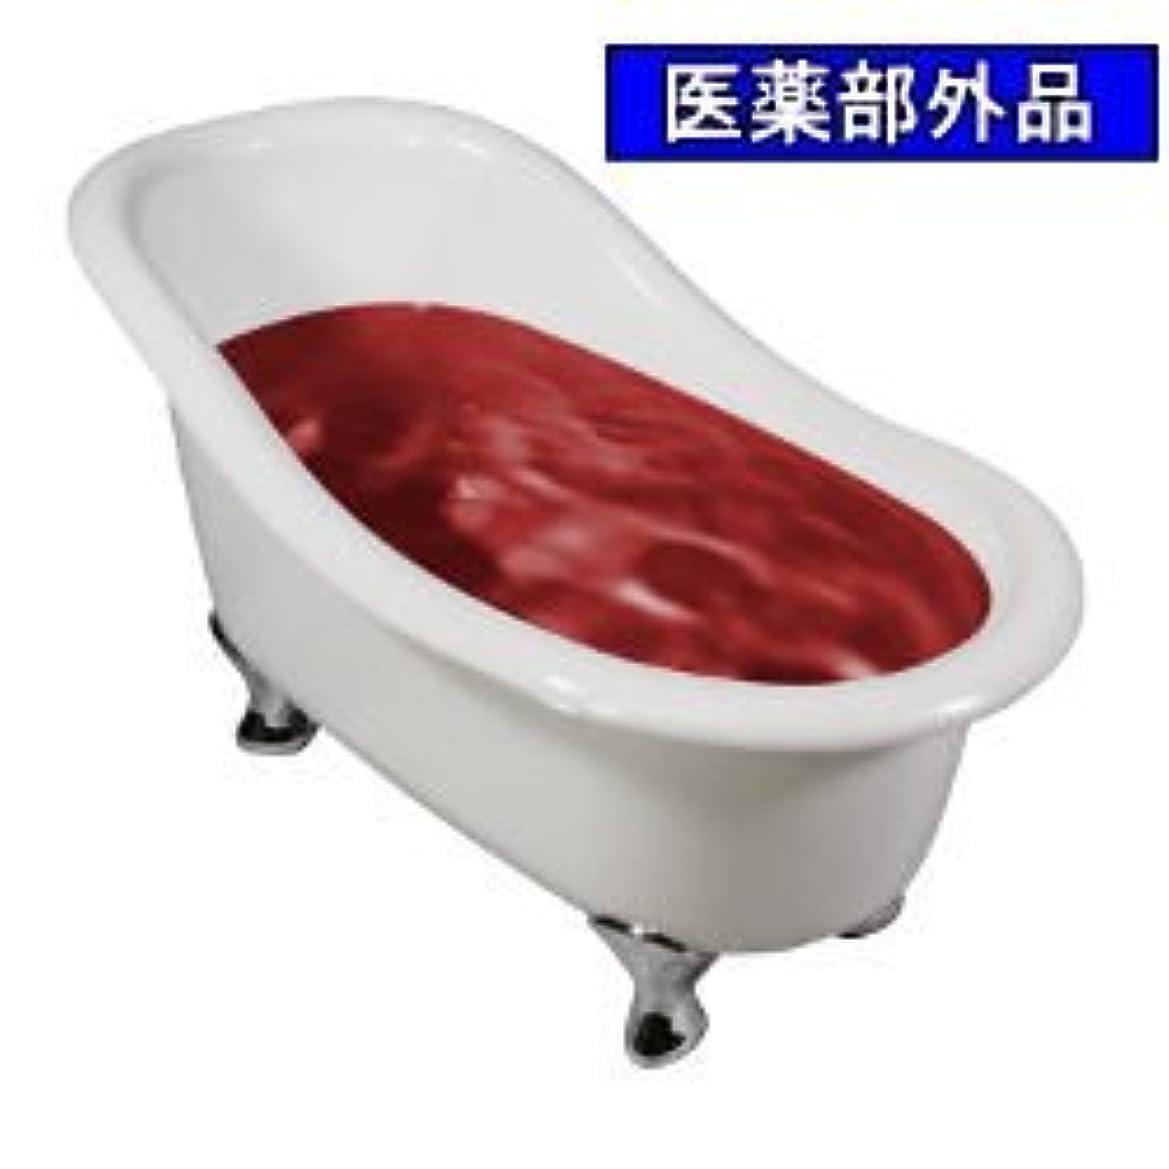 リーダルセット敬意を表して業務用薬用入浴剤バスフレンド 禄寿湯 17kg 医薬部外品
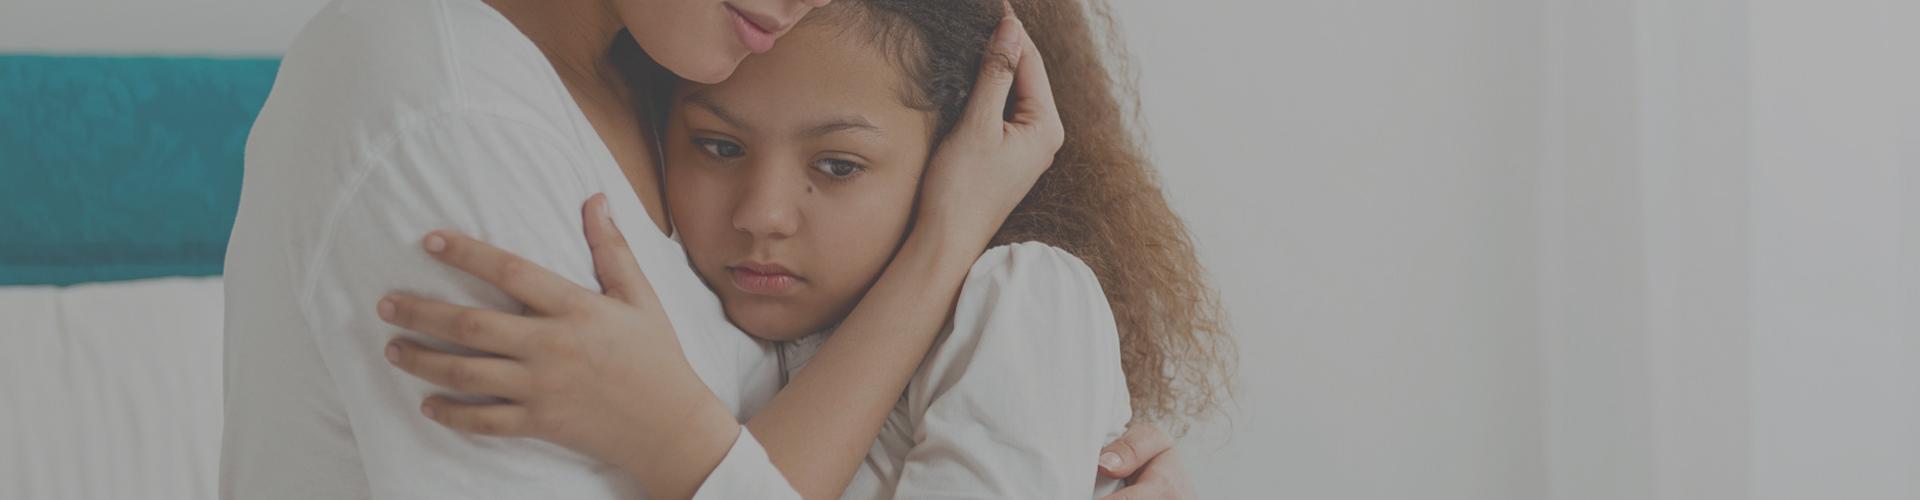 psicologa-prevencion-recursos-herramientas-ayuda-abusos-sexuales-infantiles-pedofilia-pedofilos-pederastia-valencia
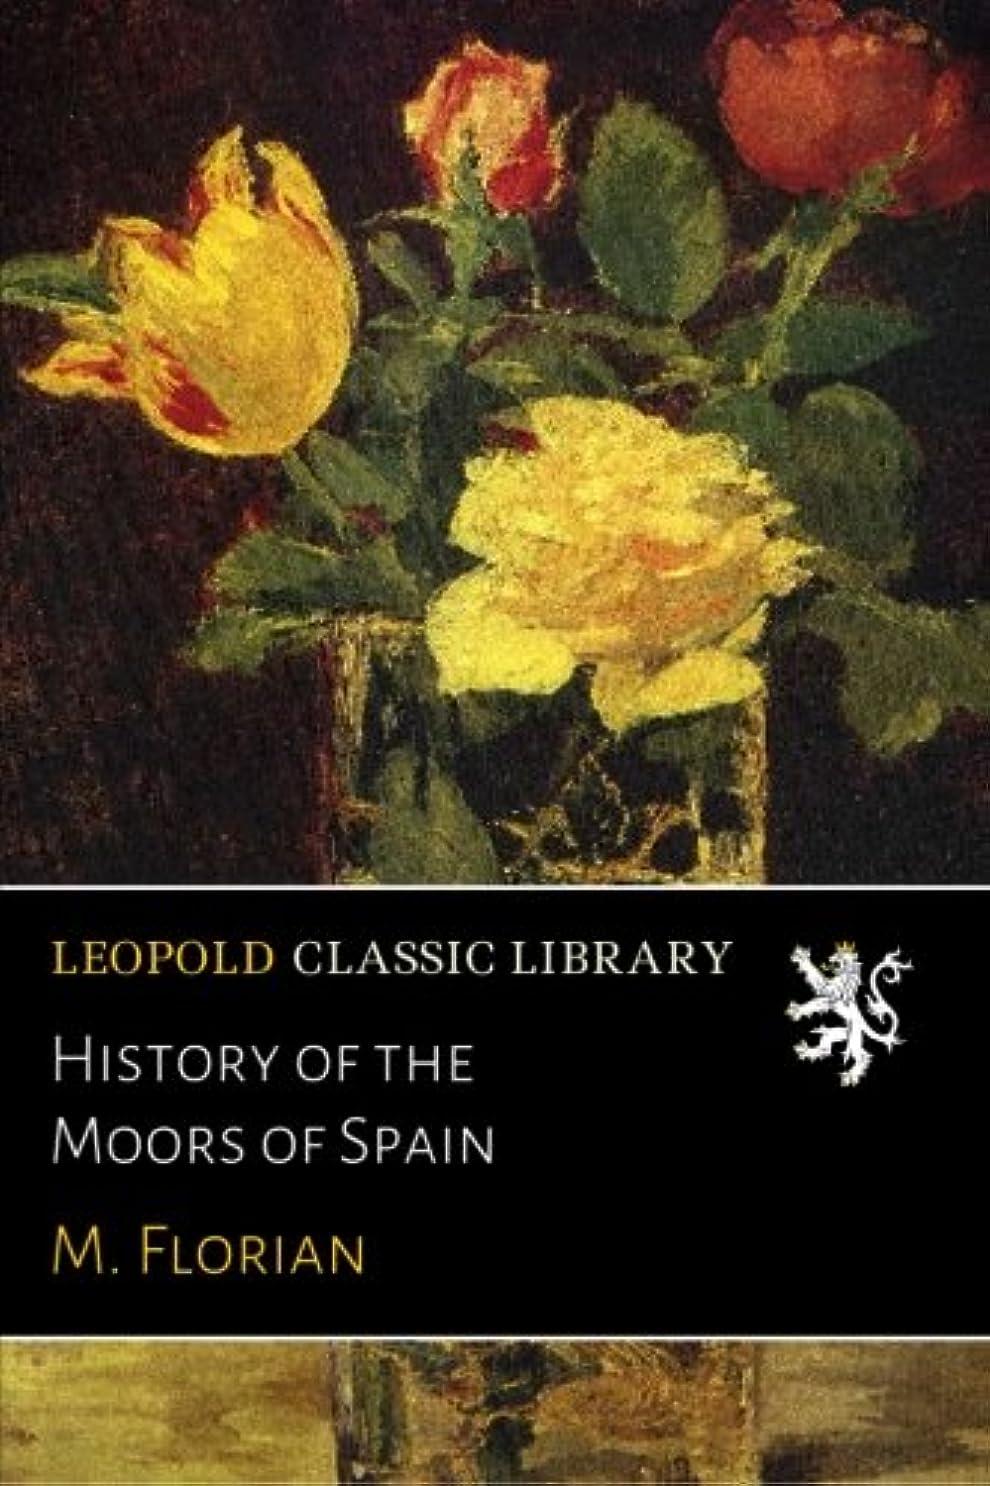 倍増ペルー言い換えるとHistory of the Moors of Spain
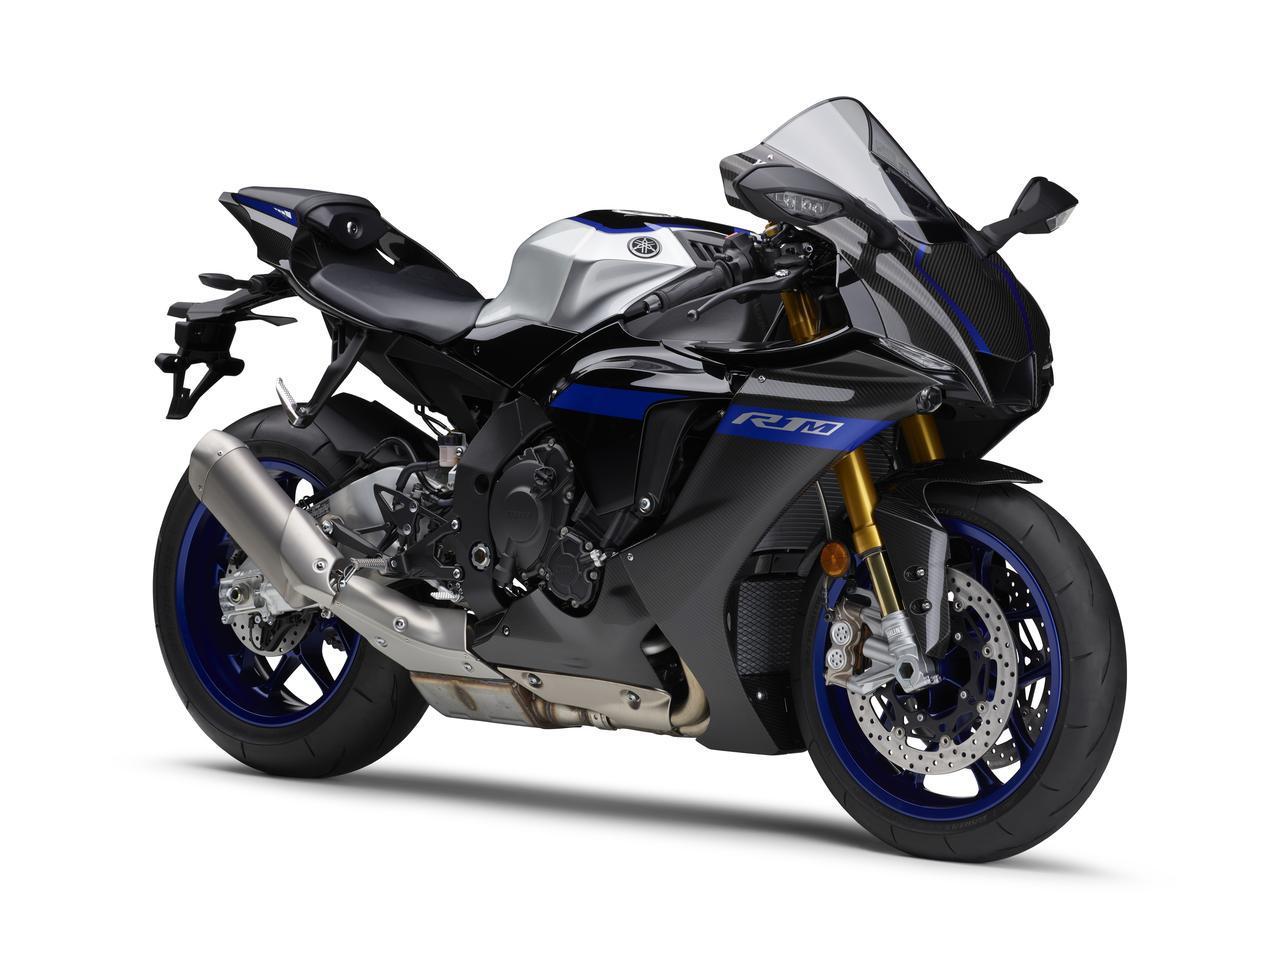 画像: YAMAHA YZF-R1M ABS 総排気量:997cc エンジン形式:水冷4ストDOHC4バルブ並列4気筒 シート高:860mm 車両重量:202kg カラー:ブルーイッシュホワイトメタリック2(カーボン)
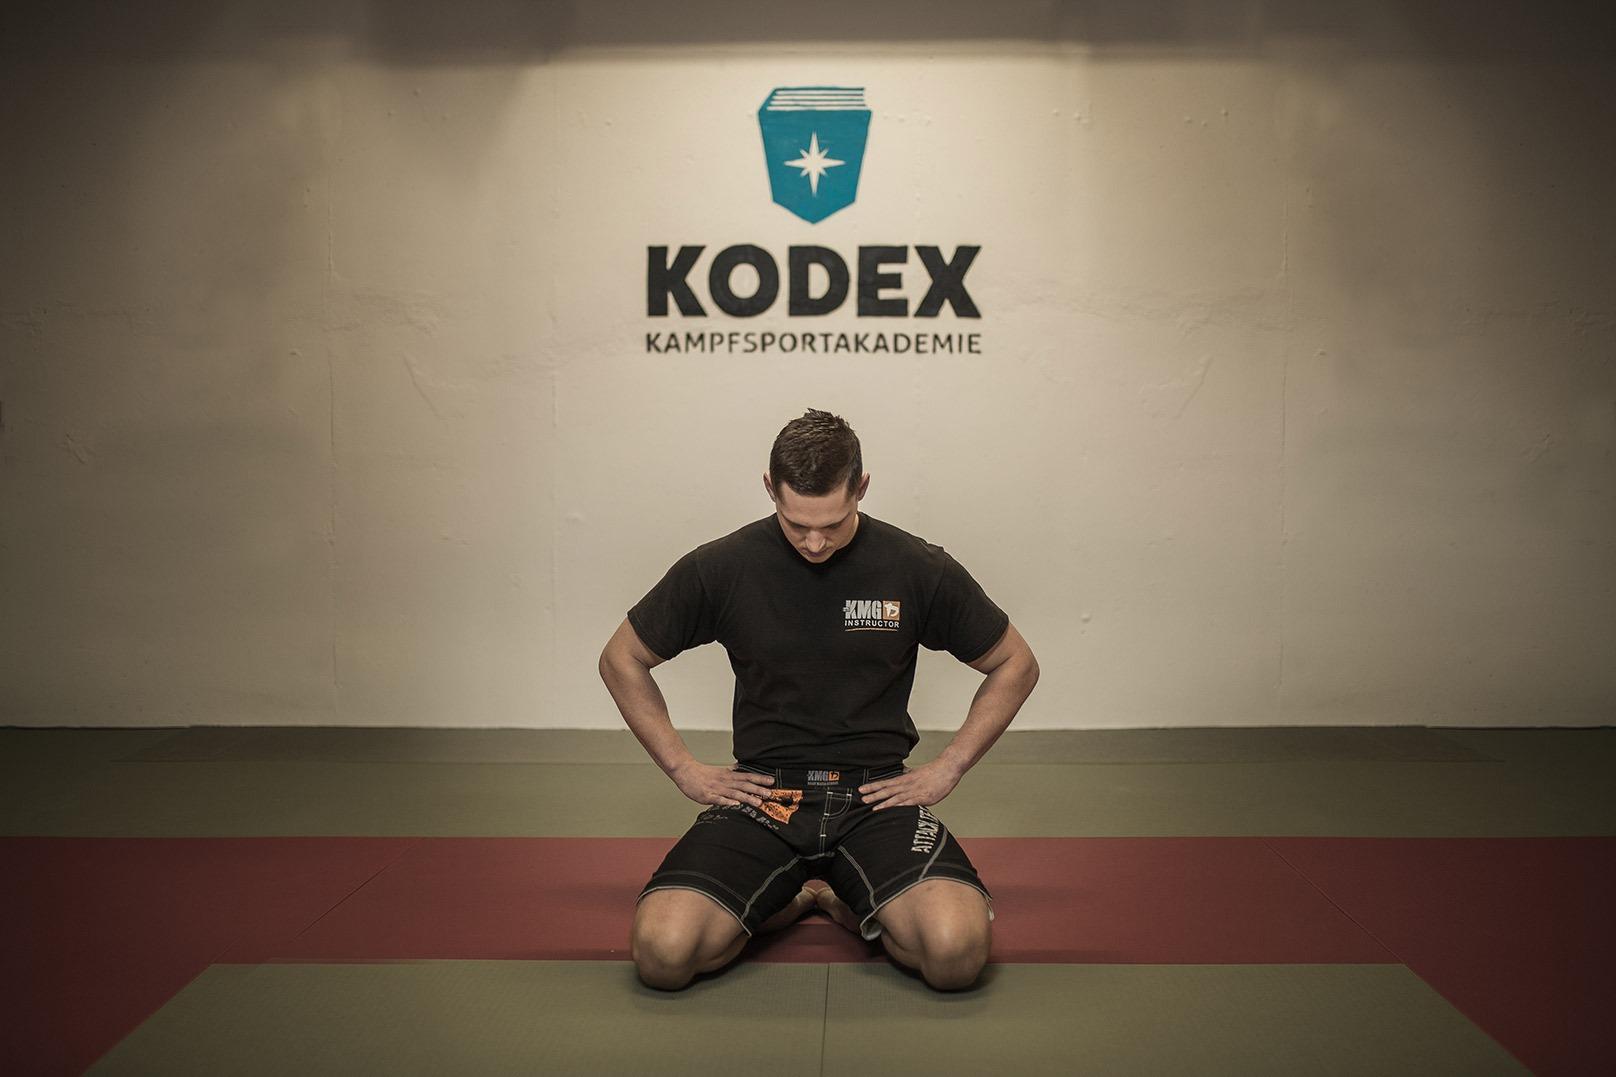 Turnschuhe 2018 angemessener Preis besser Kampfsportschule Nürnberg & Schwaig | Kodex Kampfsport Akademie

++++++++++++++++++++

Print only the lines from the line that contains "画像: YAMAHA YZF-R1M" to the final line of the data, inclusive. Pictures stay out.

### Task output
 画像: YAMAHA YZF-R1M ABS 総排気量:997cc エンジン形式:水冷4ストDOHC4バルブ並列4気筒 シート高:860mm 車両重量:202kg カラー:ブルーイッシュホワイトメタリック2(カーボン)
 Turnschuhe 2018 angemessener Preis besser Kampfsportschule Nürnberg & Schwaig | Kodex Kampfsport Akademie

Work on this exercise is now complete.